転職ノウハウ
中野市に移住を検討するための総合レポート
中野市は、電子部品・機械・プラスチック・食品などの製造業、医療・福祉、農業、小売・地域サービス、建設・運輸で働く人に向く。人口約4万人の市でありながら、2021年の民営事業所従業者は18,552人。製造、商業、医療福祉、農業の雇用が分散しており、単一産業だけに依存する町ではない。特に、電子部品を核とする工業と、全国有数のきのこ・果樹産地という二つの産業基盤を持つことが大きな特徴である。
一方、一般事務、IT・広告・大企業本社系企画職を市内だけで多数比較したい人、車を持たず郊外の工場・農場へ通いたい人、積雪の多い豊田地域でも都市部と同じ利便性を期待する人には制約がある。2026年5月のハローワーク飯山管内では、常用フルタイム全体の求人倍率は1.37倍だが、事務は0.68倍。専門・技術、サービス、運輸、建設は人手不足である一方、希望職種によって難易度が大きく異なる。
2026年5月1日の推計人口は39,764人、16,407世帯。市の中心は長野電鉄の信州中野駅、市役所、北信総合病院、商業施設が集まる中野地域である。北側の豊田地域はJR飯山線と上信越道の利用が可能だが、店舗・医療機能までの距離と積雪量が増える。市内を一括りにせず、中心市街地、インターチェンジ・工業団地周辺、果樹農業地域、豊田地域を別の生活圏として選ぶことが重要である。中野市「人口・世帯数」
総合評価(5点満点、移住・就業の実用性を基準にした筆者評価)
| 評価軸 | 評価 | 要点 |
|---|---|---|
| 製造・技術職 | 4.5 | 電子部品、業務用機械、食品、樹脂、金属などの集積がある |
| 農業・食品 | 4.5 | きのこ、ぶどう、りんご、もも等が強い。
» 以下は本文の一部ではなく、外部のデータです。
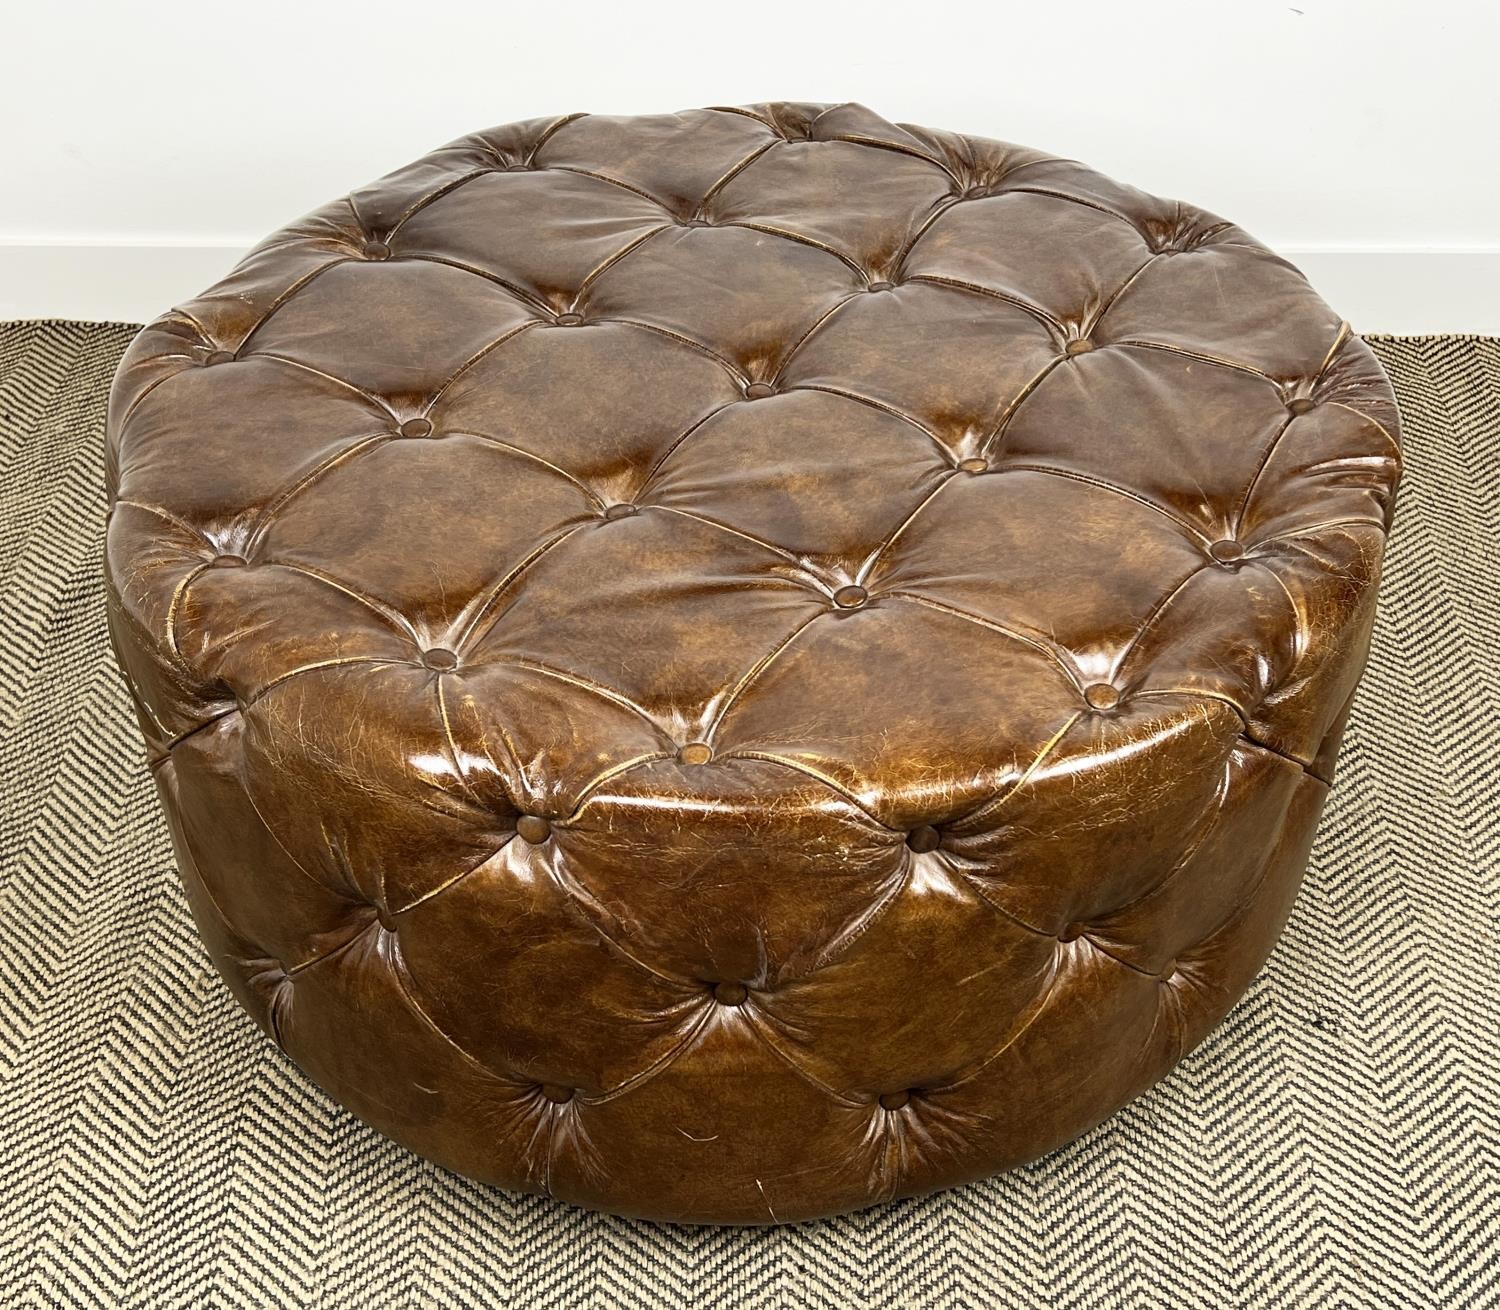 FOOTSTOOL, revolving buttoned hand dyed tanned leather, 55cm H x 98cm diam. - Image 2 of 5
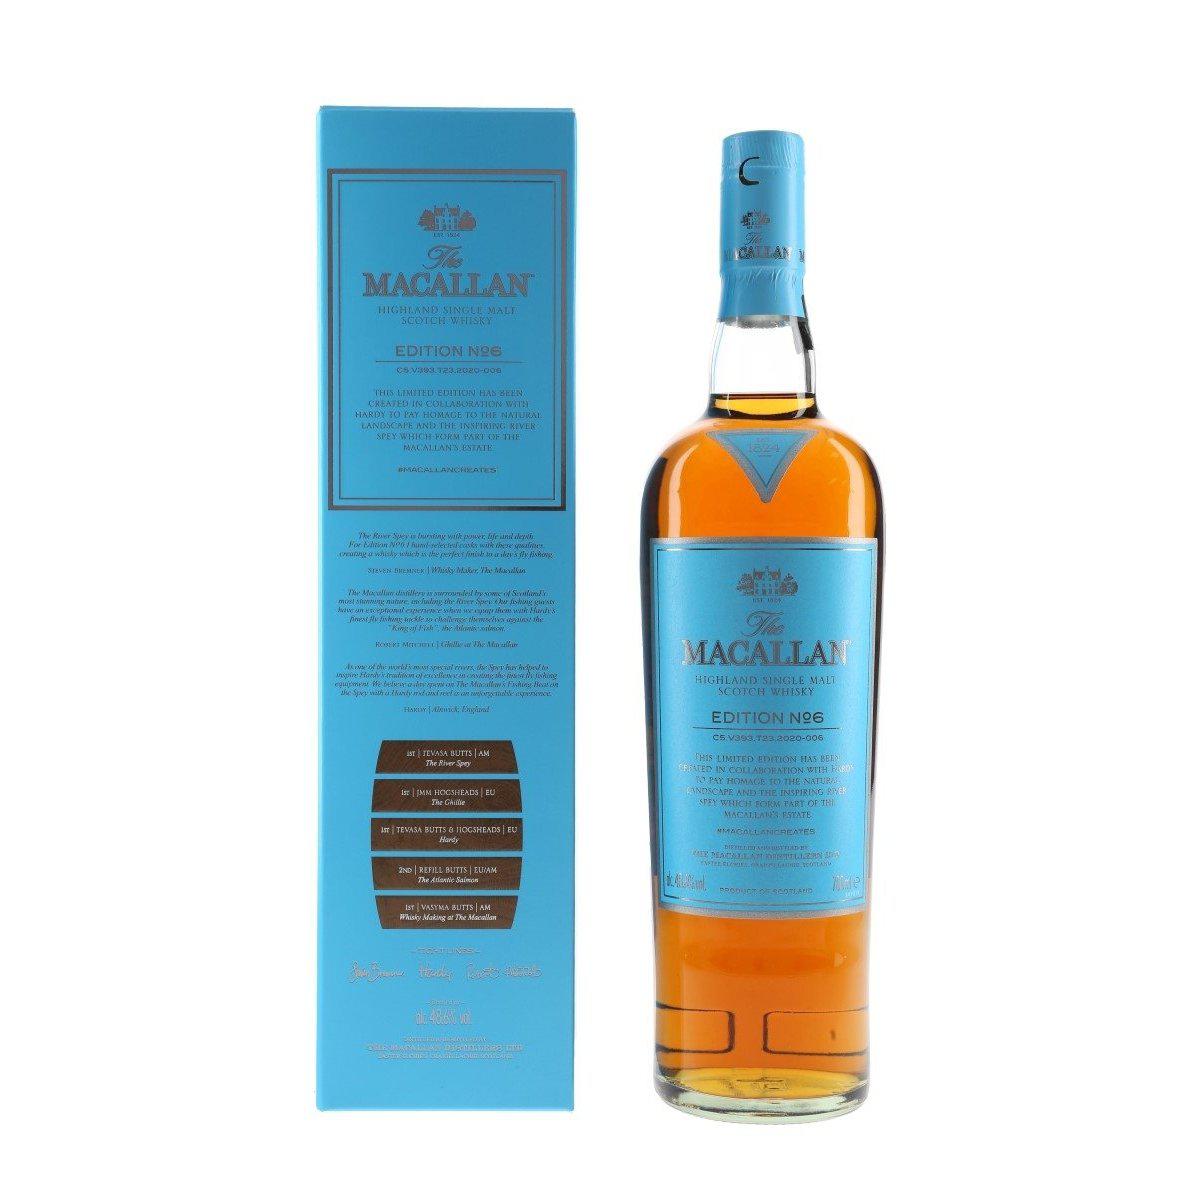 The Macallan Edition 6 Limited Edition Scotch Whisky 700ml

ただし独立就農は資本と研修が必要 |
| 医療・福祉 | 4.0 | 北信総合病院を中心に、人口規模に対して大きな雇用分野 |
| 小売・サービス | 3.5 | 地域需要を支える雇用があるが、賃金・休日は個別確認が必要 |
| 一般事務 | 2.0 | 求人倍率が1倍を下回り、条件の良い求人は競争が強い |
| 住居費 | 4.0 | 1Kは5万円前後、2LDKは6万円台前半が目安 |
| 長野市への通勤 | 3.5 | 電車1本で行けるが、普通列車は45~60分、定期代も軽くない |
| 車なし生活 | 2.5 | 信州中野駅周辺なら限定的に可能。勤務先が郊外なら車が必要 |
| リモートワーク | 3.5 | 地方の住居費と自然を享受でき、公共・民間の作業拠点もある |
| 子育て・医療 | 4.0 | 子どもの医療費窓口負担無料、学校給食費無料、病児保育あり |
| 冬の暮らし | 2.5 | 中心・南部と豊田・北部で積雪差が大きく、冬道対策が不可欠 |
| 災害面 | 2.5 | 千曲川・夜間瀬川周辺の浸水、山麓の土砂災害を住所単位で確認 |
総評:中野市は、「長野市の外縁住宅地」ではなく、工業・農業・医療を持つ独立した就業都市として考えると魅力が分かりやすい。最も安定するのは、移住前に仕事を決め、最初は賃貸で一冬を経験し、勤務地・積雪・災害リスクを確認してから長期の住まいを決める方法である。
2. 人口と地域の見通し
市は人口減少を前提に、2026~2033年度の第3次総合計画で2033年人口37,500人以上を目標としている。2026年5月時点の39,764人から見ても、若年層の流出、担い手不足、商業・交通の維持は中長期の課題である。中野市「第3次中野市総合計画」
人口減少は移住者にとって、次の二面性を持つ。
- 製造、医療・介護、農業、建設、運輸で採用需要が生まれやすい
- 農業や中小企業で、技能継承・事業承継に関われる可能性がある
- 住居費が大都市圏より低く、土地・戸建ての選択肢を得やすい
- 一方で、地域によって公共交通、学校、店舗、医療への距離が広がる
- 小規模な求人市場では、希望職種の募集が出る時期に波がある
- 空き家があっても、すぐ住める賃貸住宅や改修済み住宅とは限らない
「人口が減っているから仕事がない」とも、「人手不足だから誰でも好条件で採用される」とも言えない。必要とされる技能と、求職者が集中する職種の差が大きい市場である。
3. 働く環境
3-1. 産業構造
2021年経済センサスの民営事業所ベースでは、中野市は1,958事業所、従業者18,552人。主な雇用分野は次のとおりである。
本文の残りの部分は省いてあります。